Horst Seehofers Russlandreise ist möglicherweise ein Teil dieses Deals auf Gegenseitigkeit. Seehofer ist kanzlerinnenfest. Und sie weiß das ganz genau.
Wie man es macht, macht man es verkehrt. Das erfuhr gerade Horst Seehofer, als er nach einer scharf kritisierten Moskaureise die Politik der deutschen Bundesregierung als „Herrschaft des Unrechts“ bezeichnete. Nun wusste schon Voltaire: „Recht zu haben ist gefährlich, wenn die Regierung unrecht hat.“ Von unten nach oben wäre das auch leicht gesagt, allerdings hat Seehofer nun das Problem, als Parteivorsitzender der CSU und Koalitionär der Union selbst Regierung zu sein. Außerdem ist „Herrschaft des Unrechts“ natürlich nichts weiter, als die ziemlich enge Umschiffung des Begriffs vom „Unrechtsstaat“.
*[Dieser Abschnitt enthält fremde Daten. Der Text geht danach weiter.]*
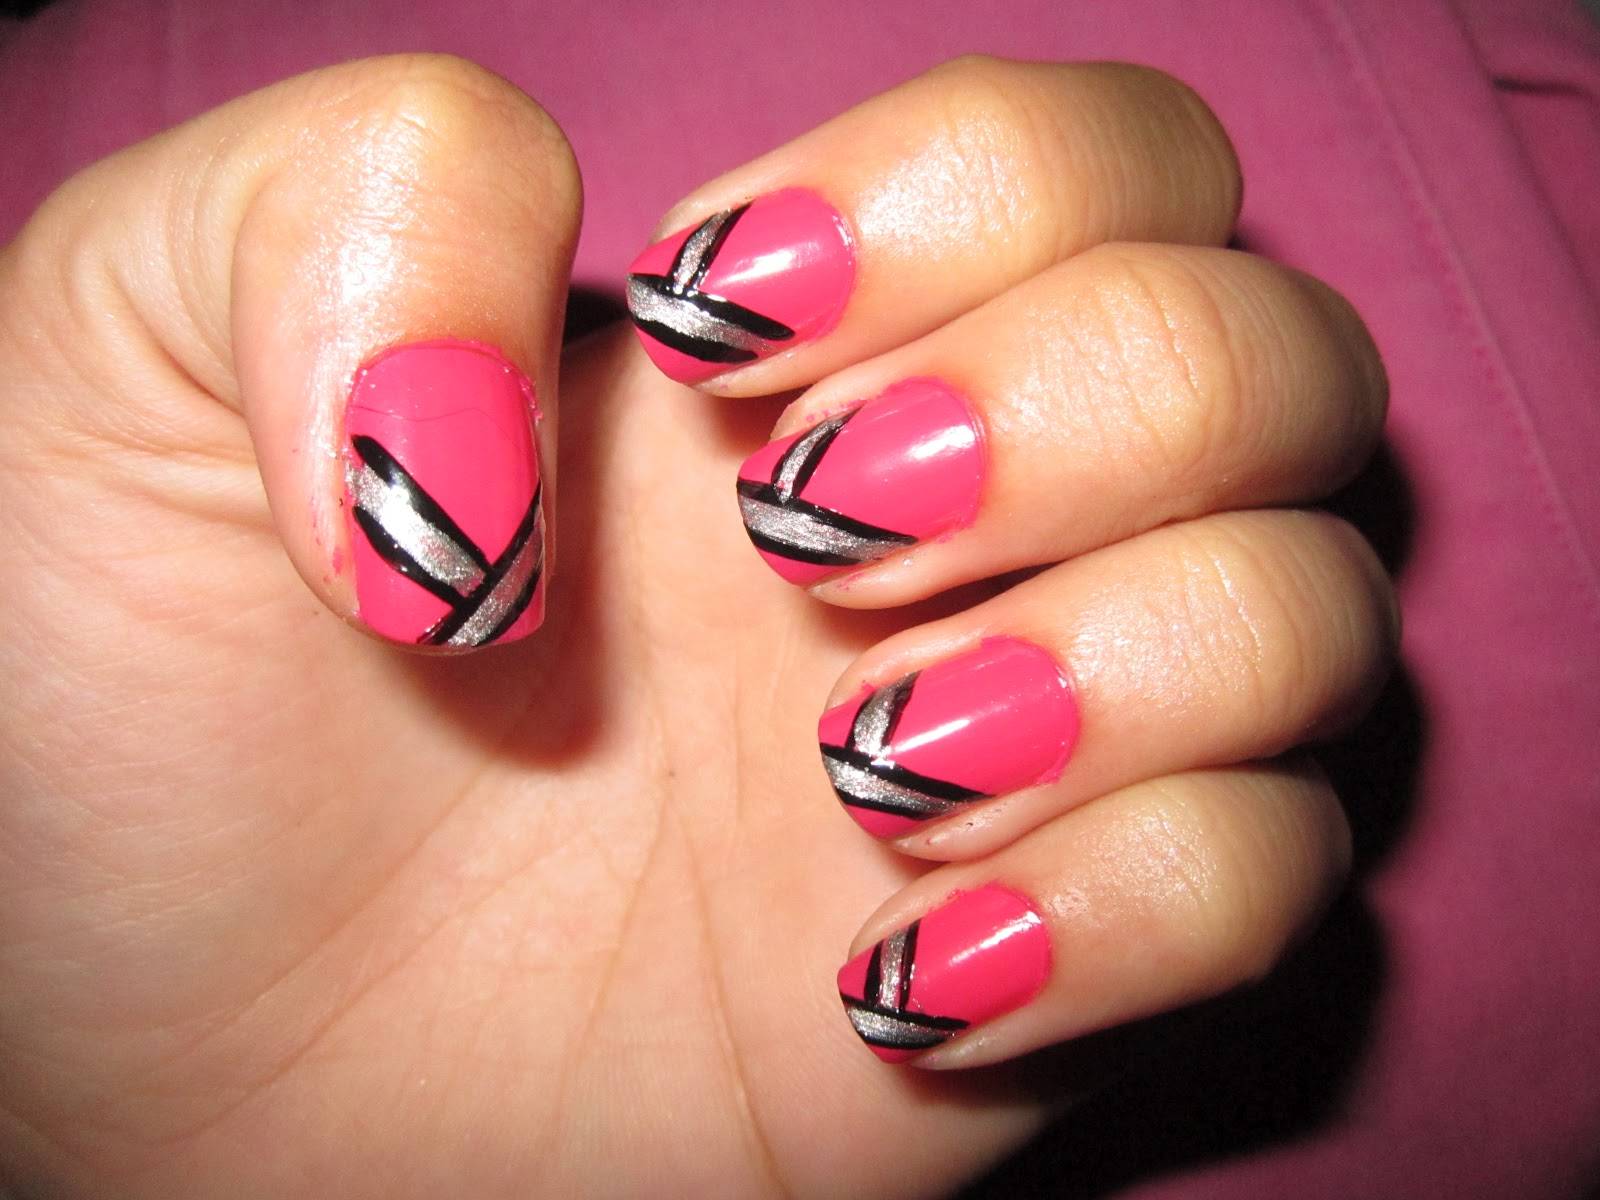 2. Cute and Easy Nail Art Ideas - wide 3

Wir erinnern uns: Unrechtsstaat war in der Union immer nur absoluten Feindbildern wie der DDR vorbehalten. Selbst Kuba und Chile wurden in der Regel nicht so tituliert. Zumindest beim Merkel treuen und neutralen Teil in der CDU dürfte Horst Seehofer nun einen echten Malus haben. In der Sache liegt er allerdings auf einer Linie mit so honorigen Verfassungsrichtern wie Papier und di Fabio. Hans-Jürgen Papier, Ex-Verfassungsgerichtspräsident erklärte nämlich noch im Januar 2016: „Noch nie war in der rechtsstaatlichen Ordnung der Bundesrepublik die Kluft zwischen Recht und Wirklichkeit so tief wie derzeit. Das ist auf Dauer inakzeptabel.“ Wann beginnt Dauer? Wann wird ein rechtsfreier Zustand zur Herrschaft des Unrechts?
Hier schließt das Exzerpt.